> _Exercise details_
Exact duplicates of the lines from the top of the data through the line containing "Luxury vacation rentals" are needed, with every picture left out.
Top of Input data
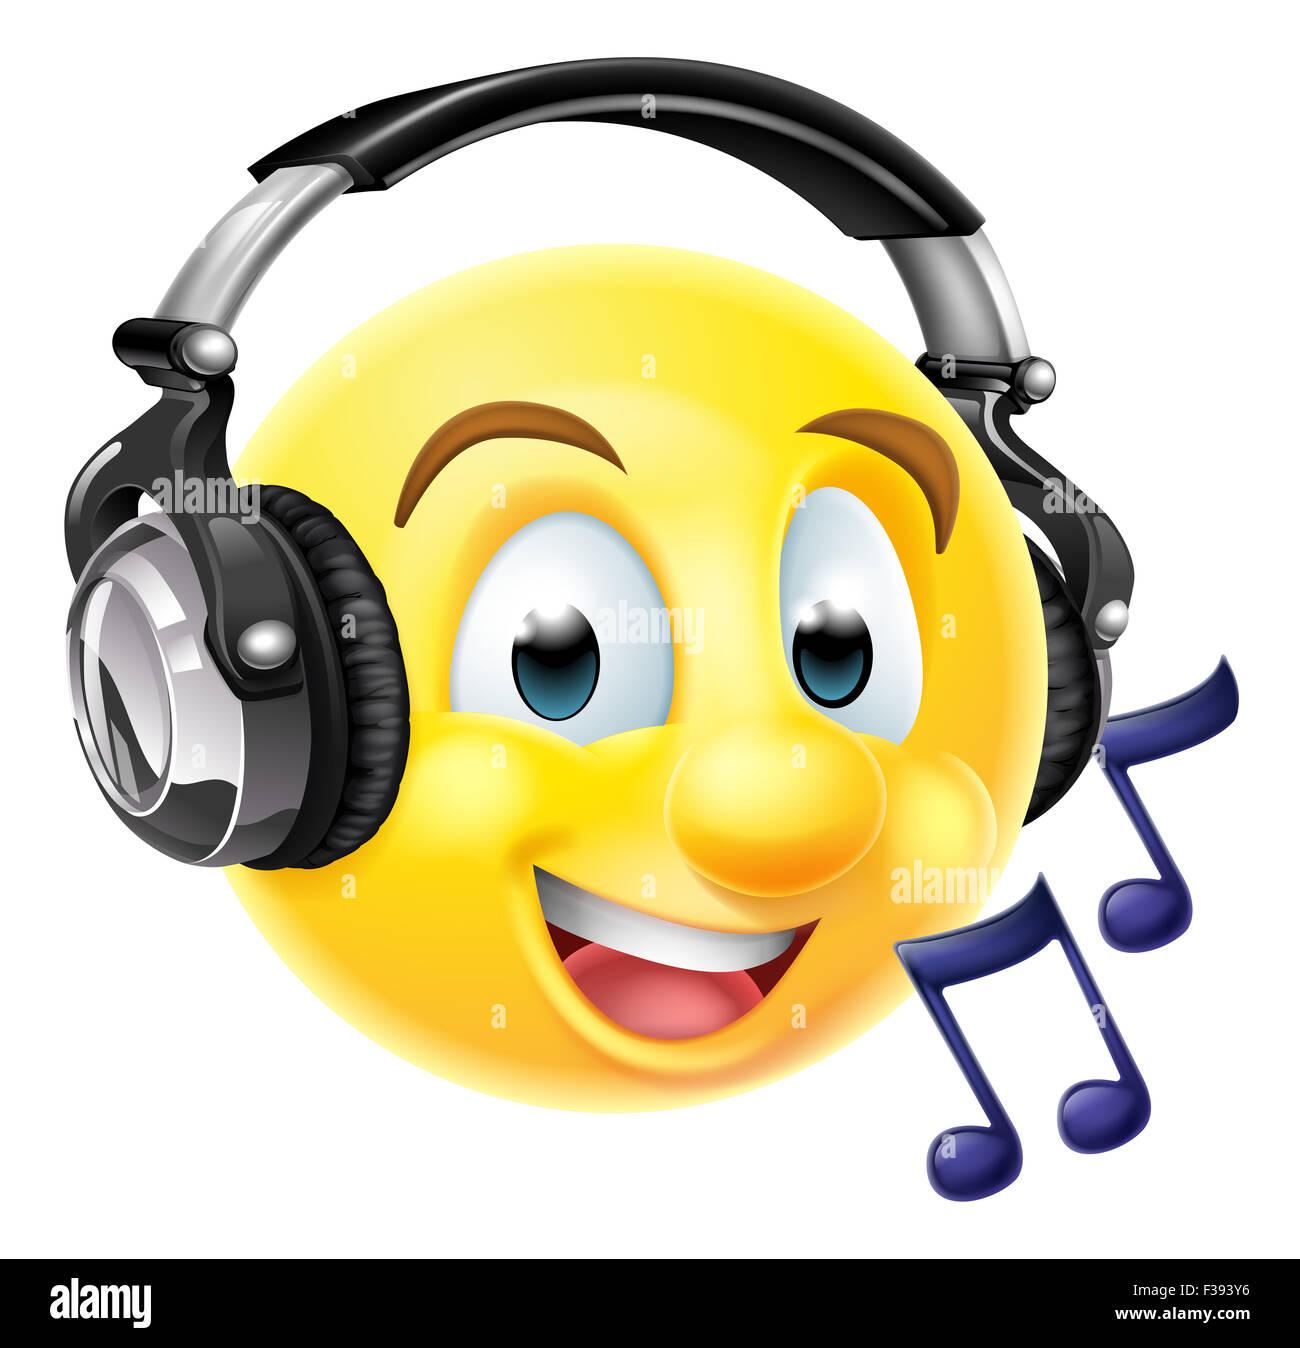 Un Emoticono Emoji Usando Audífonos Y Escuchar Música O Cantando
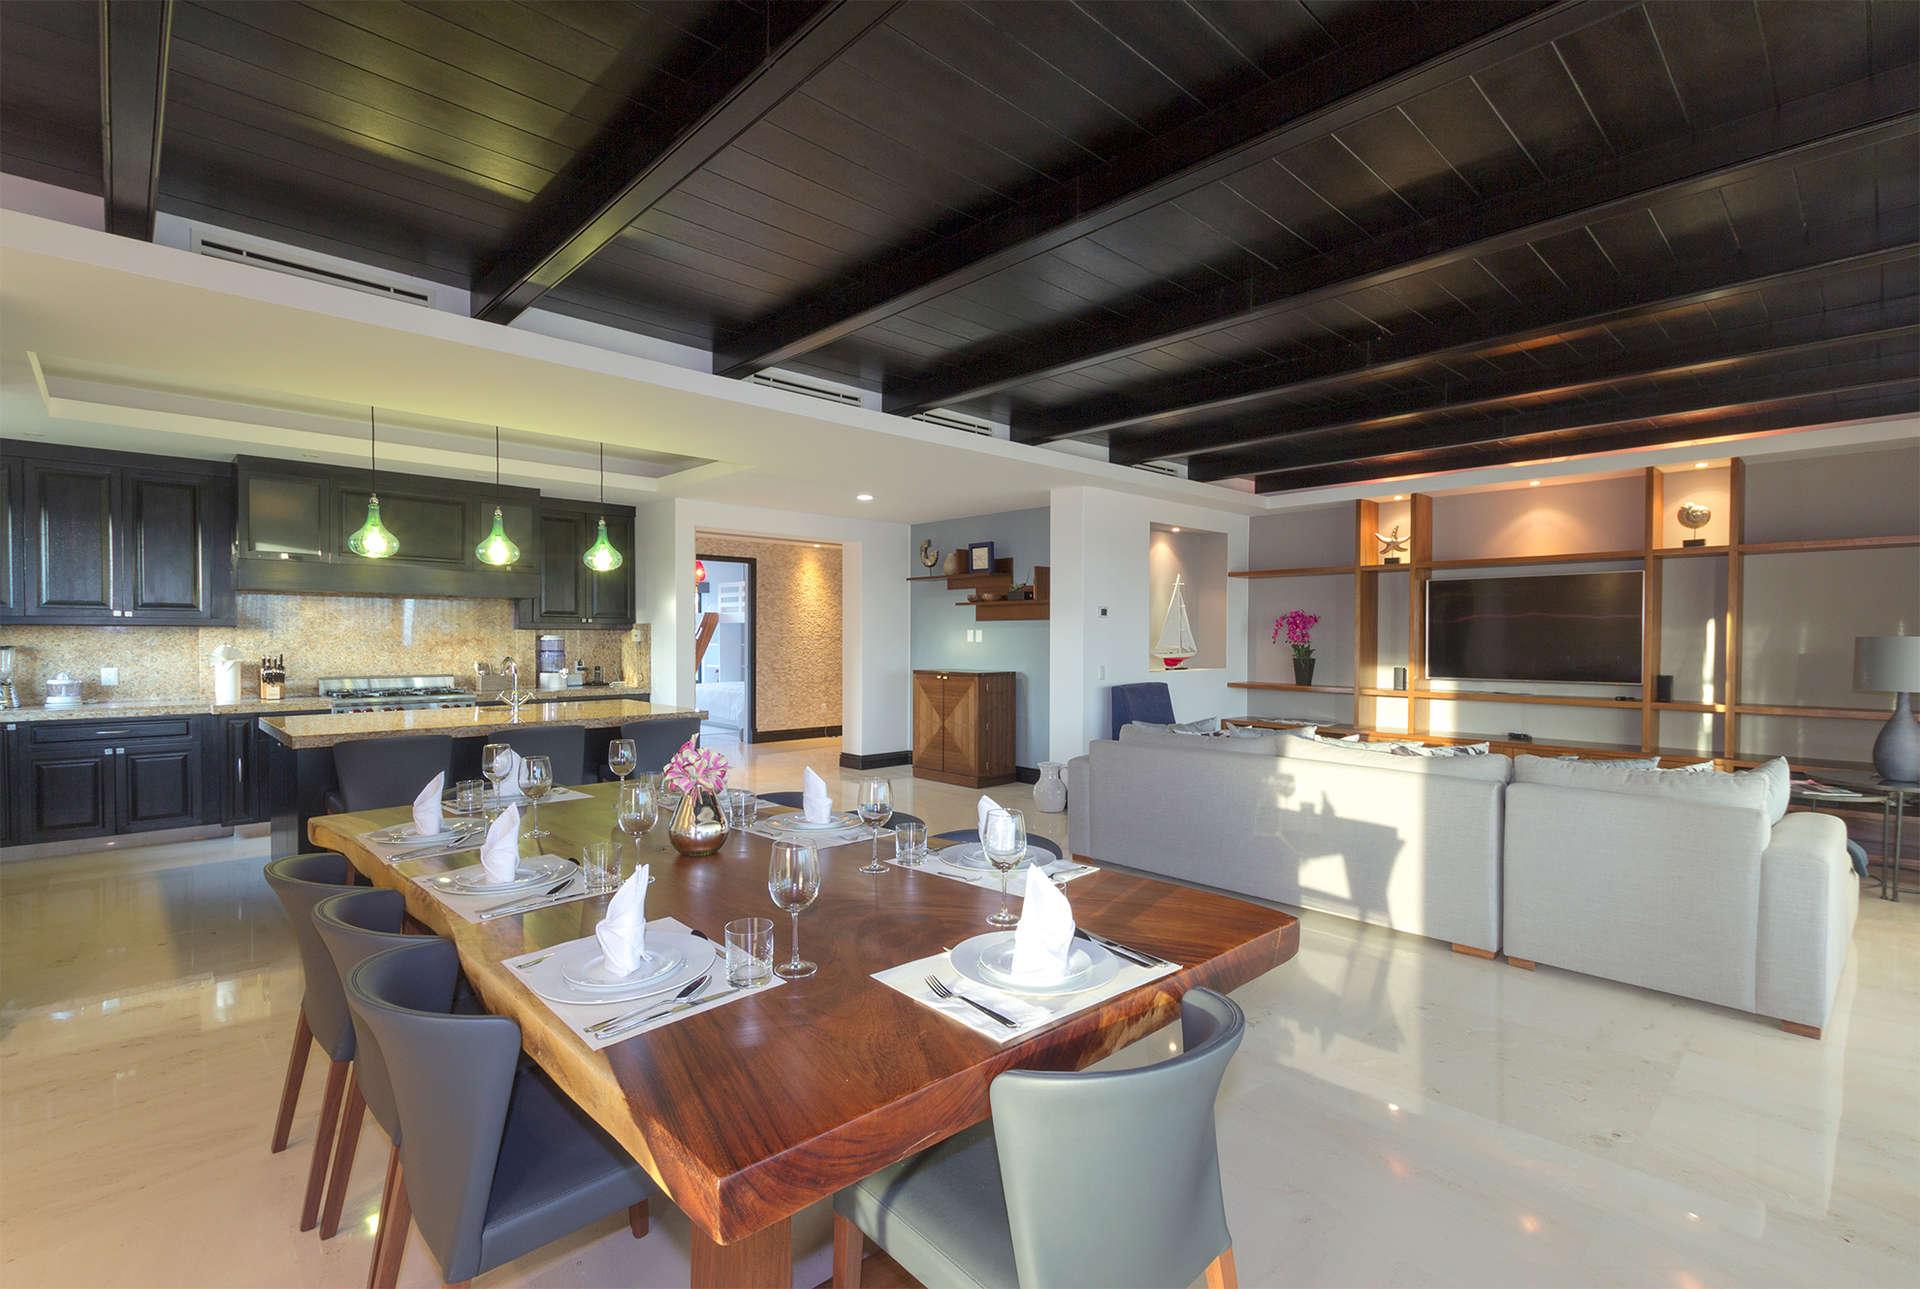 Luxury vacation rentals mexico - Punta mita - Hacienda de mita - No location 4 - Condo Petunia - Image 1/15
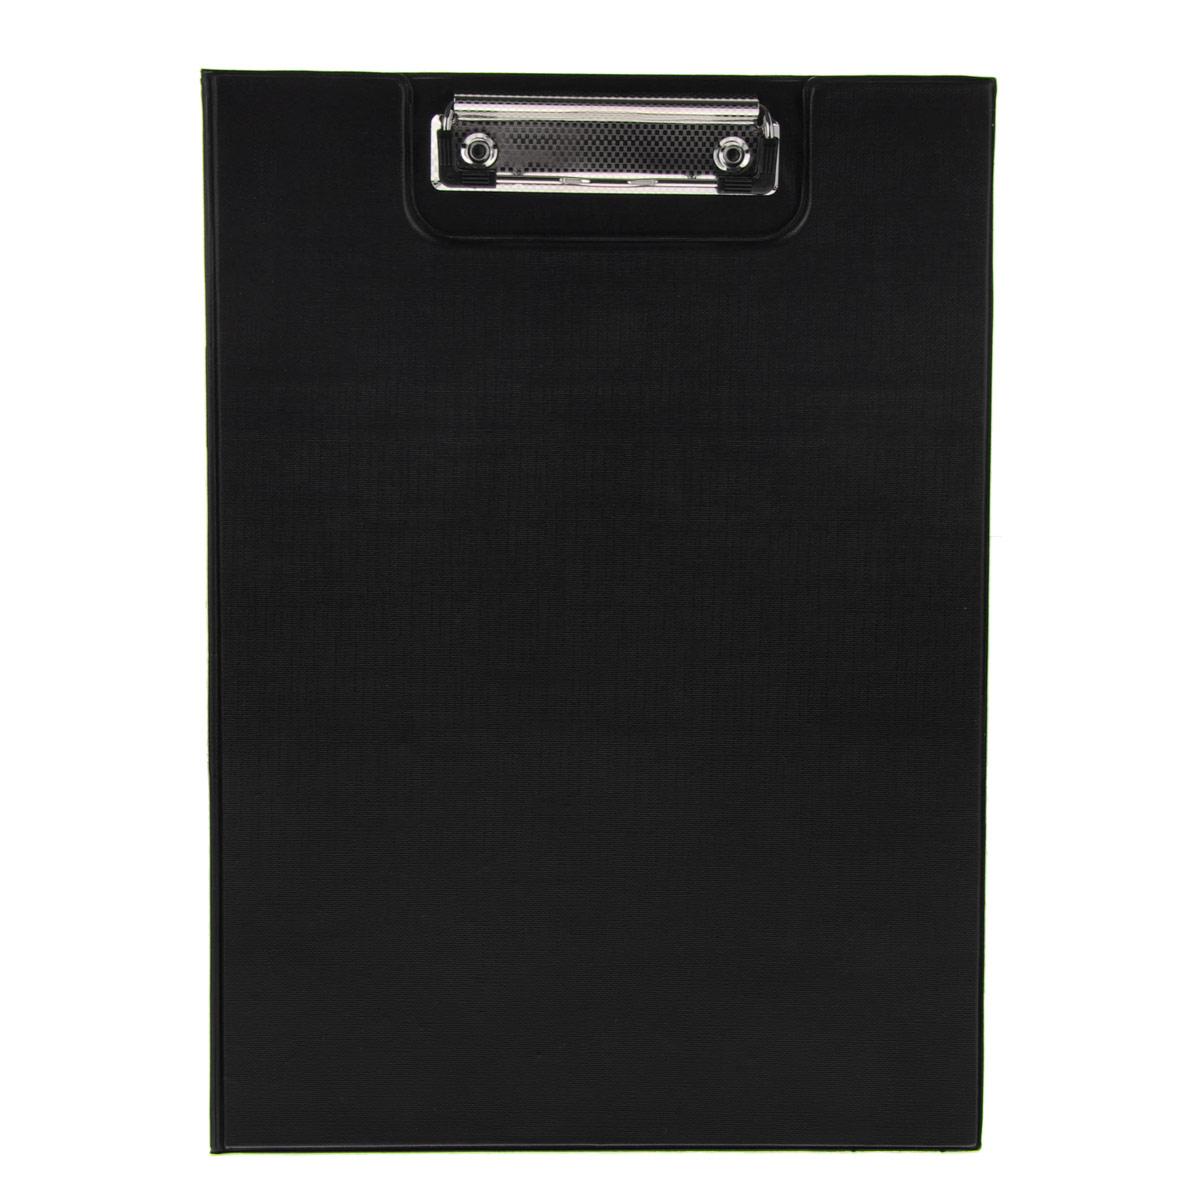 Папка-планшет Centrum, с крышкой, цвет: черный. Формат А480028Папка-планшет (клипборд) Centrum - это удобный и практичный инструмент для работы с документацией. Клипборд изготовлен из жесткого картона, обтянутого пленкой из ПВХ. Благодаря своей жесткости папка-планшет позволяет делать записи навесу. Металлический зажим надежно фиксирует листы, предотвращая сползание бумаги. Широкая крышка обеспечивает сохранность документов и защищает их от пыли и влаги. Папка-планшет будет незаменима для работы с документацией в дороге или на складе, а также может быть использована для подготовки и хранения текстов выступлений или докладов.
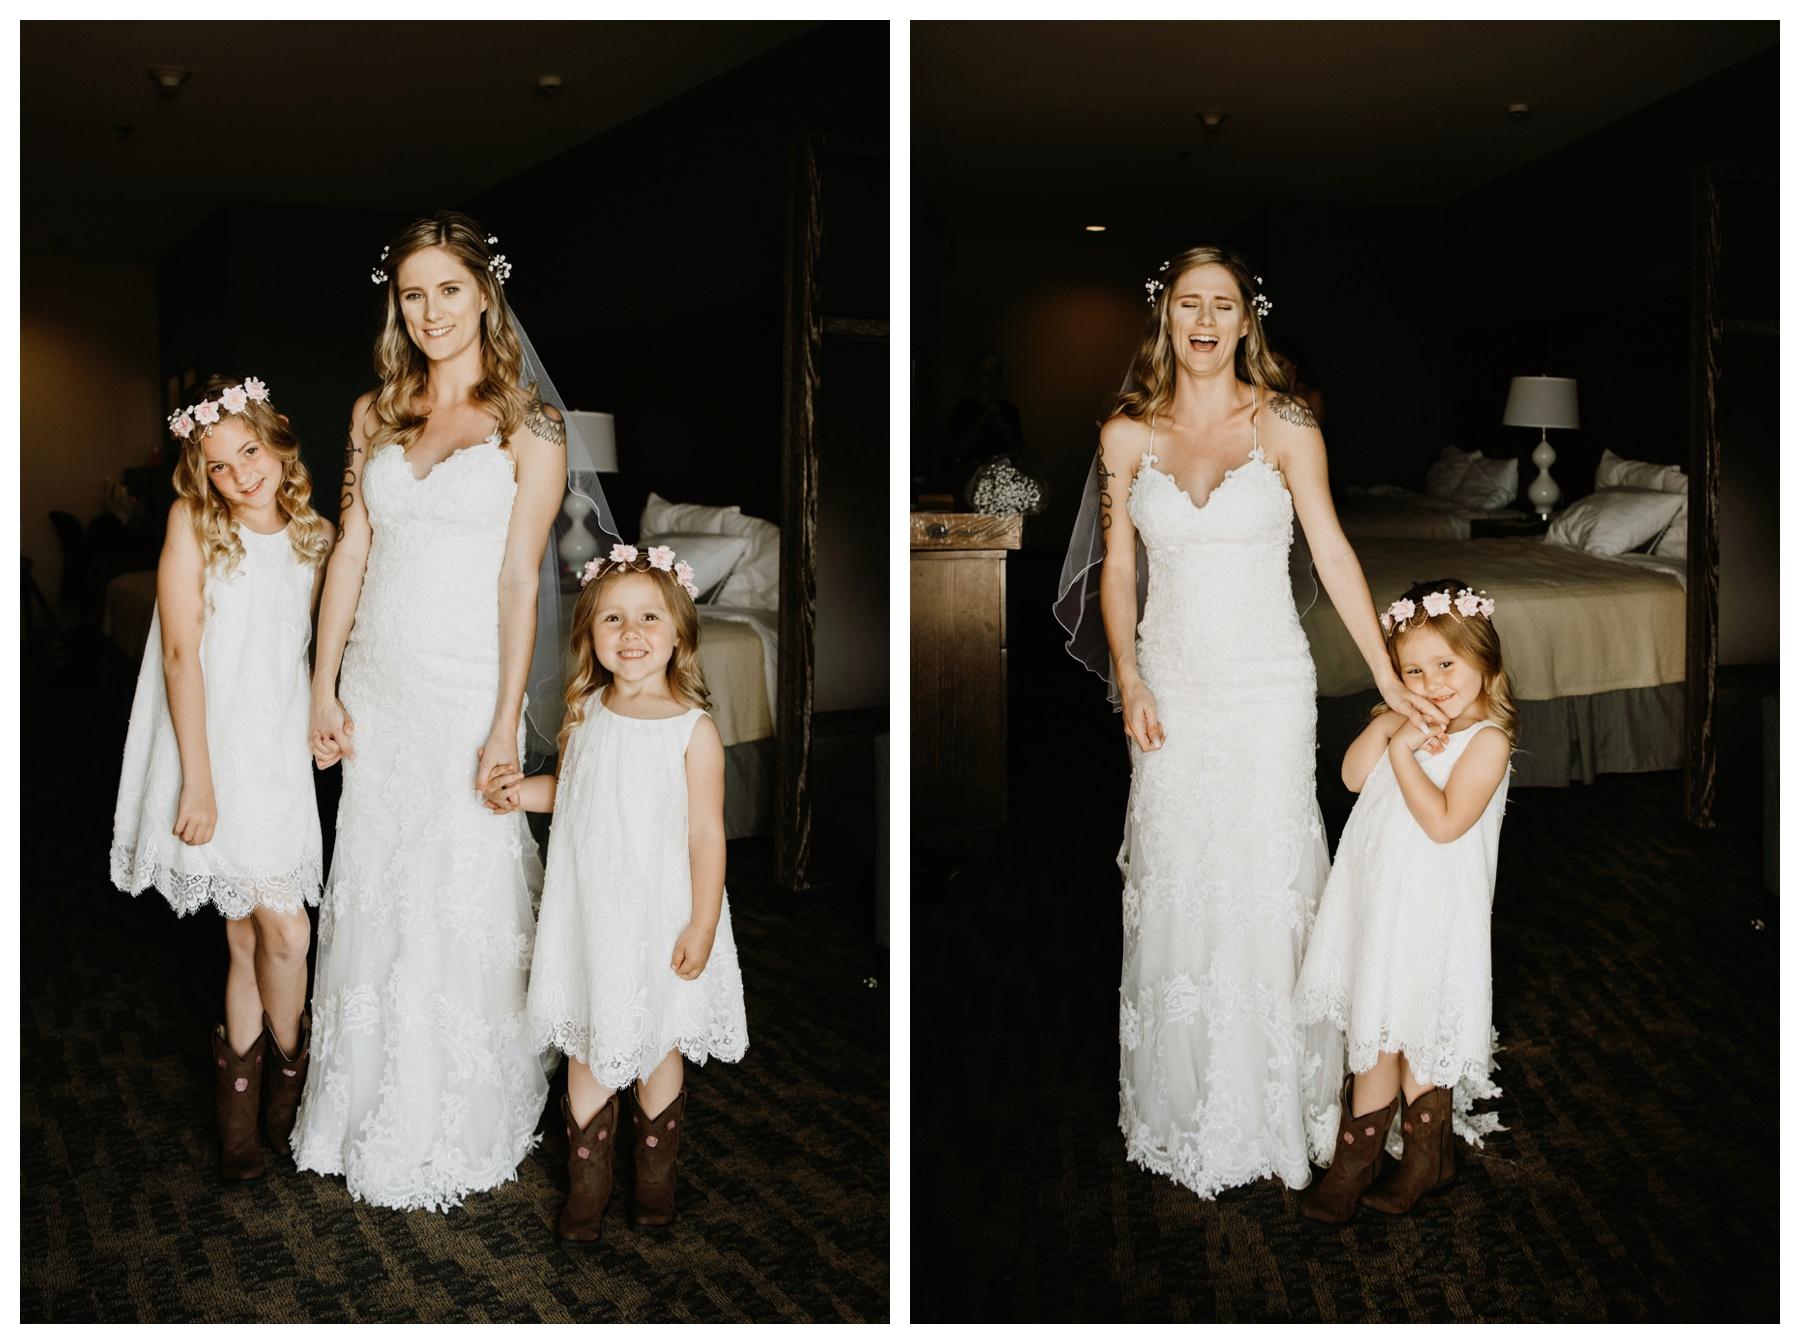 Coronado_Beach_Wedding_Singler_Photography_0012.jpg
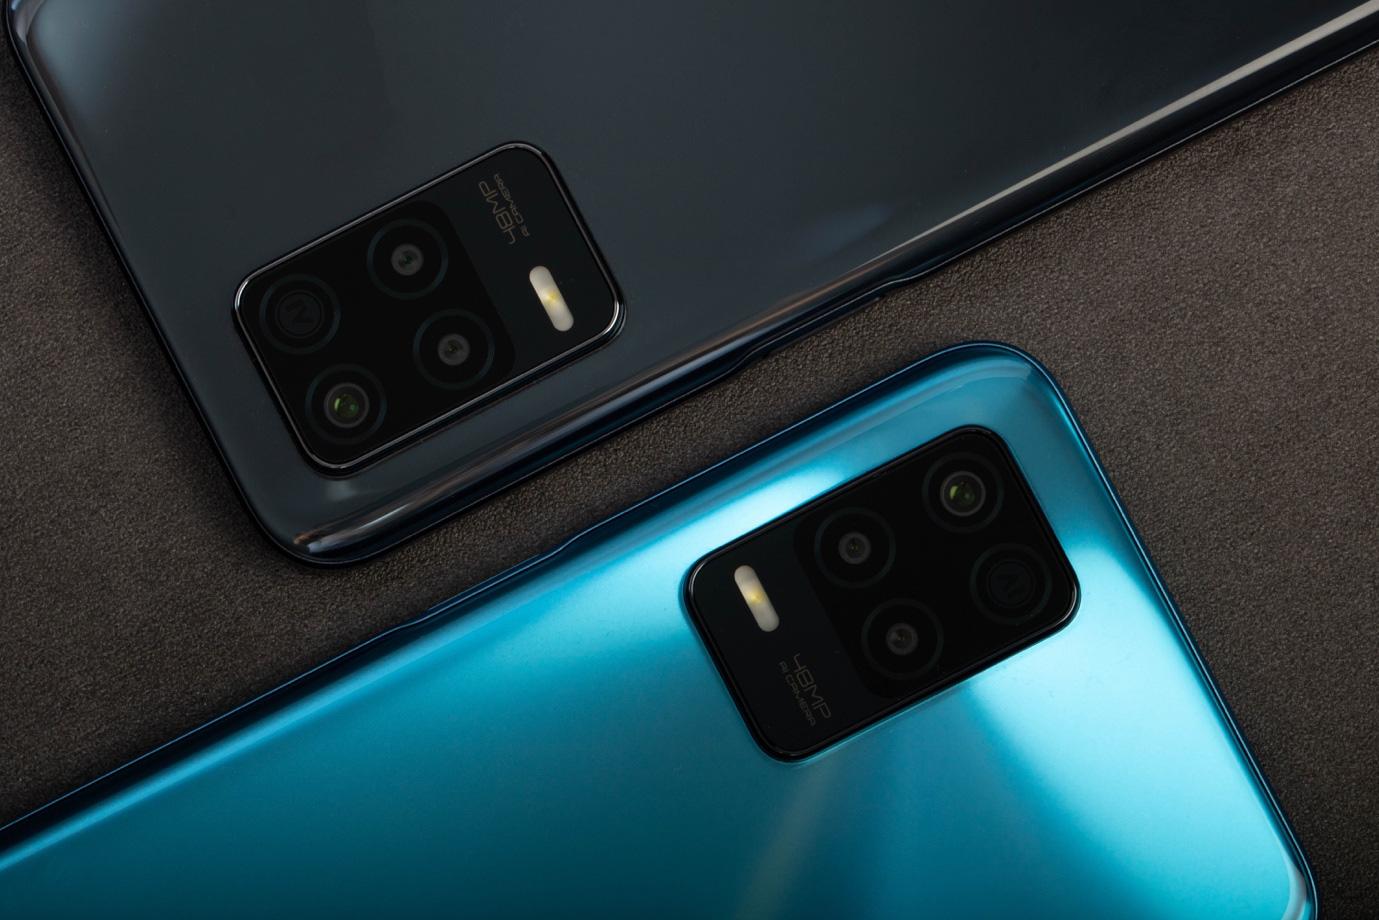 Trên tay chiếc điện thoại 5G hot nhất của realme: Xem phim cả ngày, cày game lướt web siêu nhanh, siêu khỏe! - ảnh 5
Bottom of Input data
> _Completed task_
 Un Emoticono Emoji Usando Audífonos Y Escuchar Música O Cantando
 Luxury vacation rentals mexico - Punta mita - Hacienda de mita - No location 4 - Condo Petunia - Image 1/15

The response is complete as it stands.